Aliás, não é de hoje que a vida cotidiana tem atropelado a arte. Desde a Roma Imperial, pintores, escritores e músicos têm buscado no mecenato – termo que denomina o sustento de artistas por um patrono – uma forma de conciliar a produção artística às necessidades práticas da existência. O filósofo e linguista Tzvetan Todorov, autor de A beleza salvará o mundo(2011), explica que a vida de todo artista é uma mistura entre a necessidade de sobreviver e a urgência imperiosa da elevação. “Tal é o preço da criação”, reflete ele. O autor conta que, quando jovem, o escritor Rainer Maria Rilke (1875-1926), em uma visita ao já célebre escultor Auguste Rodin (1840-1917), não se contentou em interrogá-lo sobre suas obras. Ele queria saber qual é a melhor maneira para se viver bem. Ao que o escultor respondeu: é preciso sempre trabalhar. “Ao privilegiar assim o trabalho de criação, o artista negligencia forçosamente outras facetas da sua existência: sua vida material, sua relação com os outros humanos. Foi essa a escolha que Rodin quis fazer. Para ele, por exemplo, é simplesmente uma concepção de arte, mas um modo de vida que ele decide adotar”, revela.
O poeta Charles Baudelaire (1821-1867) era outro defensor de que o artista não devia preocupar-se com o “mundo real”. “Ainda mais porque o real só se revela através do verniz das aparências”, explica o crítico Jean-Baptiste Baronian, na biografia Baudelaire (2010). Como Van Gogh e outros artistas, Baudelaire teve na família – em particular, na mãe – o seu mecenato. Ainda assim, e apesar disso, passou boa parte da vida em constantes dificuldades de sustento.
ADOTE UM ARTISTA
Há três anos, quando a cantora Lulina se defrontou com as mesmas dificuldades de produzir arte sem ter estabilidade financeira, surgiu a ideia de investir em um modelo de financimanto musical colaborativo. No mês passado, o plano saiu do papel com o formato do crowdfunding (modelo pelo qual indivíduos comuns ou empresas financiam projetos através de doações coletivas). No Minimecenas, a soma de pequenas doações dos fãs permite que os artistas continuem produzindo, e em troca, os “investidores-fãs” ganham privilégios oferecidos por quem está sendo financiado. Trata-se de uma visão digital do mesmo mecenato da época do Renascimento, voltado a incentivar o mundo das artes por meio do mundo do dinheiro. Poderosos intelectuais, comerciantes e políticos beneficiavam os artistas mediante doações, e em geral o faziam por amar sua obra.
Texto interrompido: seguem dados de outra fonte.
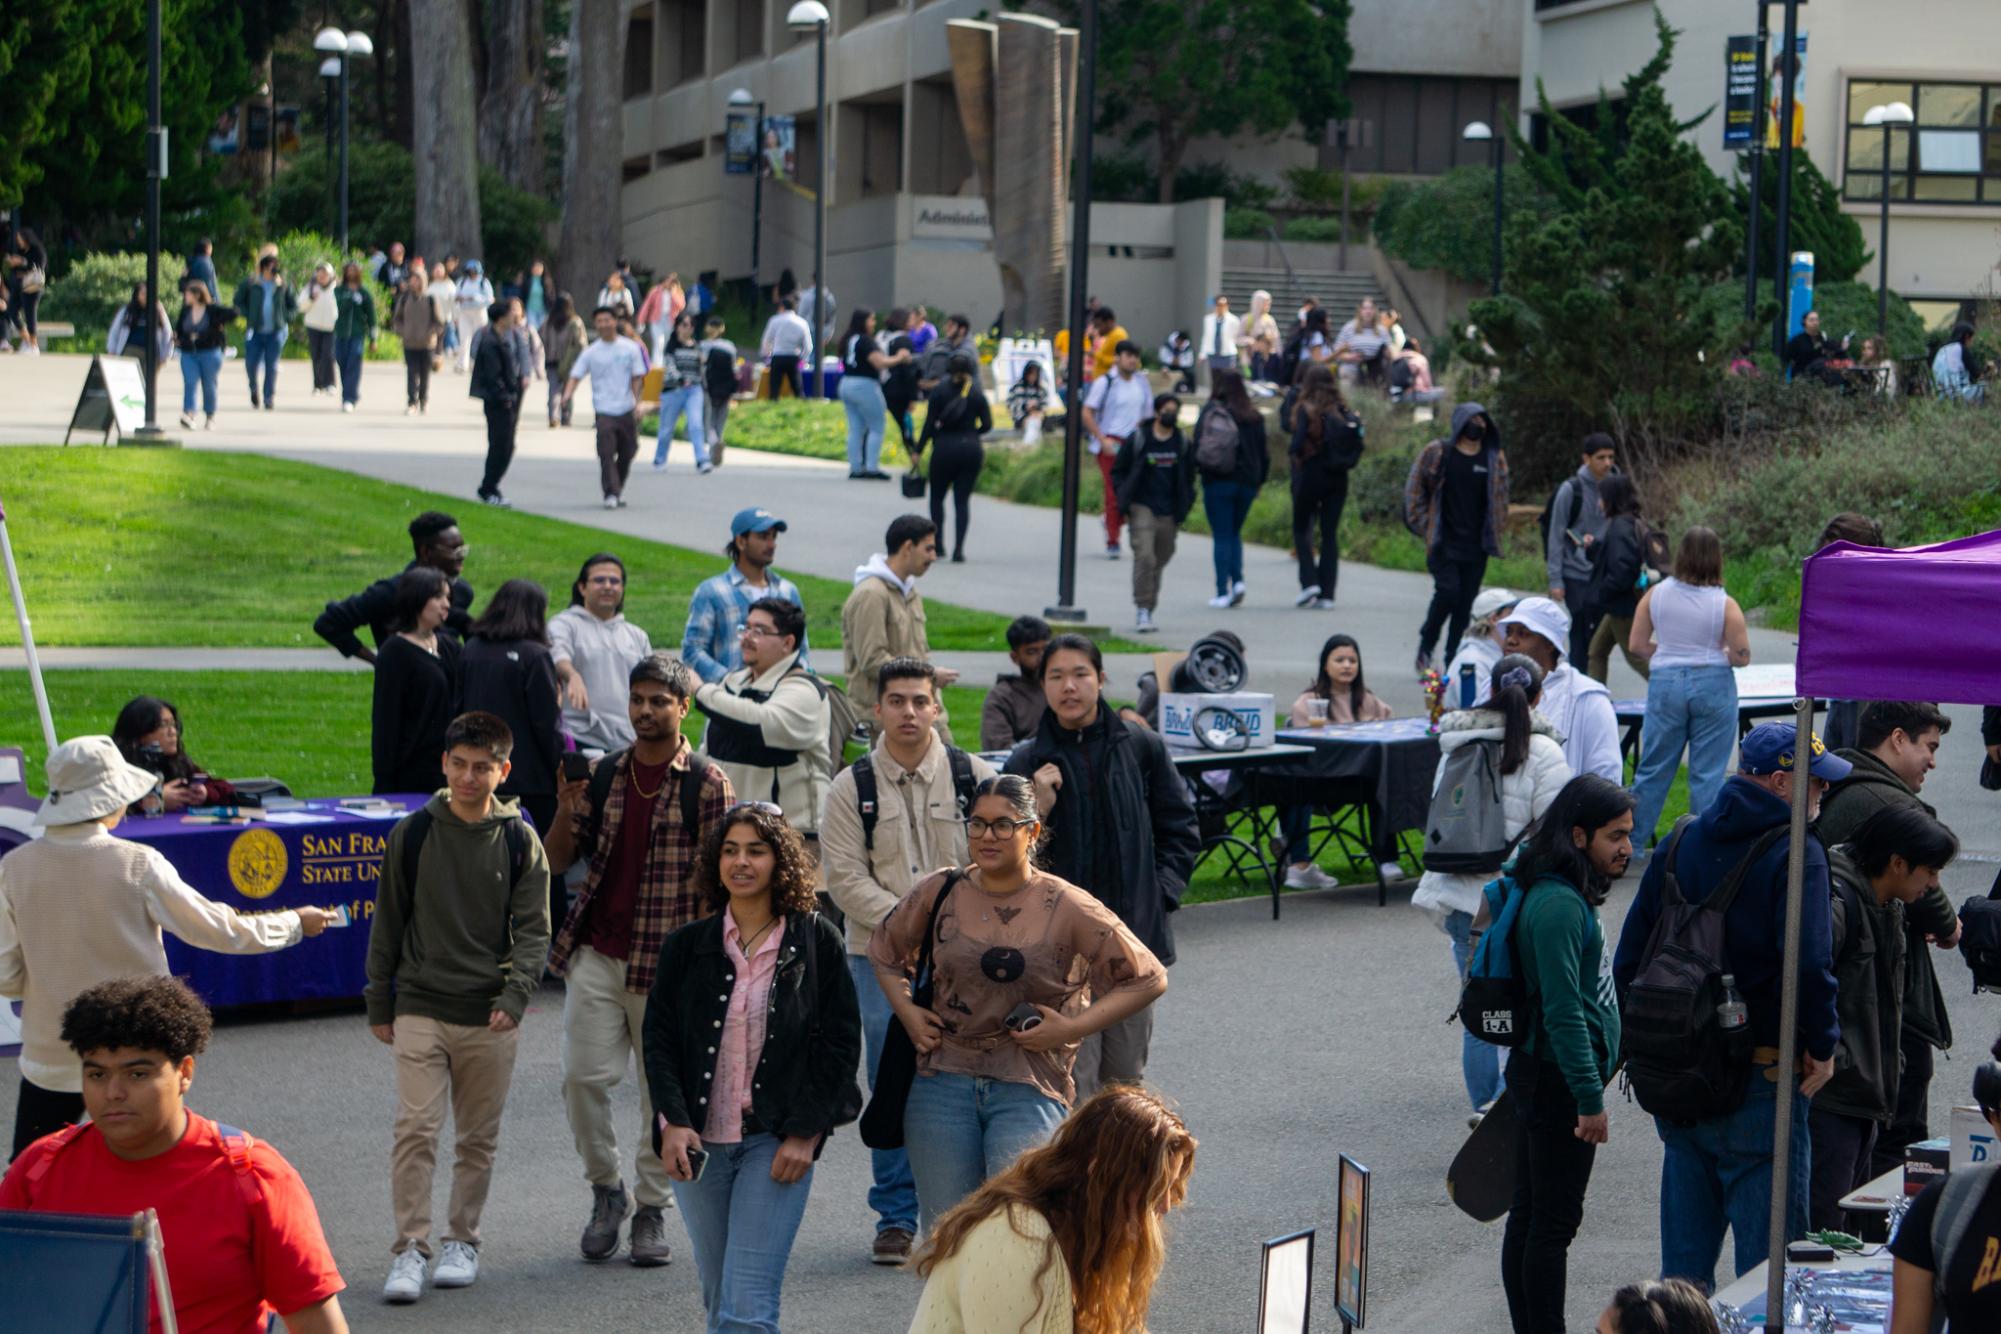 New semester brings new challenges as SFSU community returns for spring
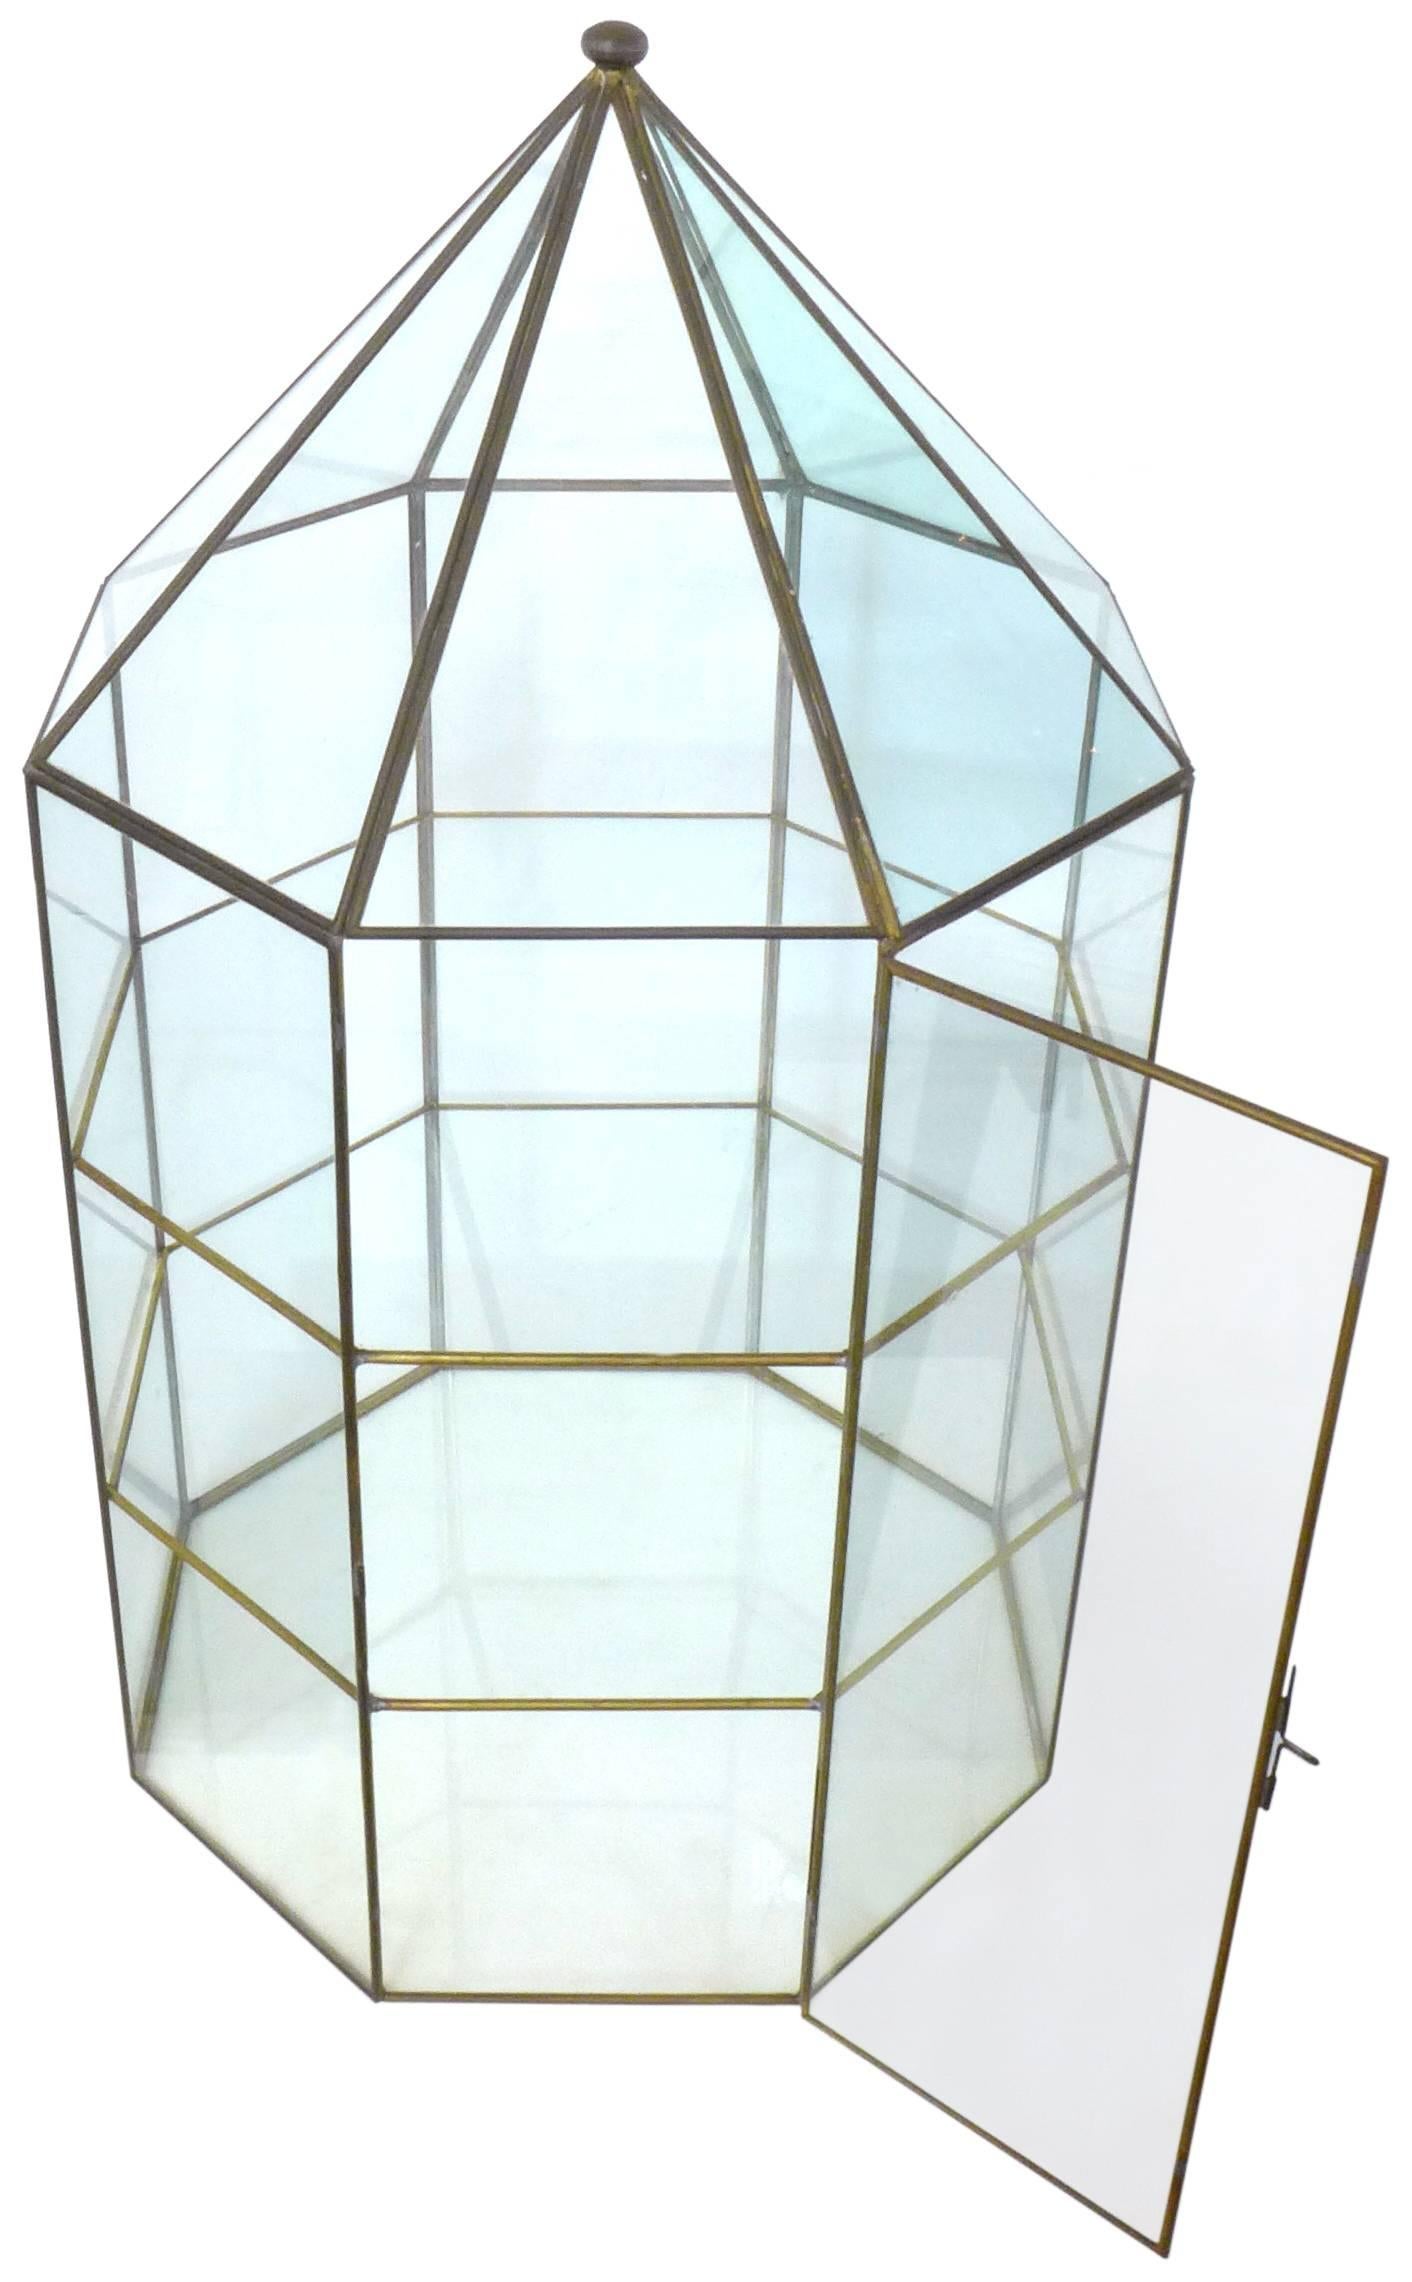 A beautifully crafted brass and glass vitrine. Delicate, perfectly-patinated brass frame-work holding each pane; an octagonally facetted-cylinder, pyramidally-tapering at the top to a small, spheroid finial. A nearly-indiscernible, single, latched

O site oferece estrutura para que os artistas se mobilizem com os seus próprios fãs e possíveis marcas patrocinadoras, independentemente do resto do mercado. “É voltado principalmente para produções independentes. Se dará certo, não sabemos. Mas, se funcionar para um único artista, já valeu a pena ter criado o projeto. O Minimecenas não pretende provocar uma revolução. Só queremos viabilizar a produção de projetos e artistas que não têm espaço na mídia tradicional”, explica. Os fãs e as empresas podem contribuir com valores que vão de R$ 5 a R$ 500,00 – por um período de 12 meses, via pagamento digital.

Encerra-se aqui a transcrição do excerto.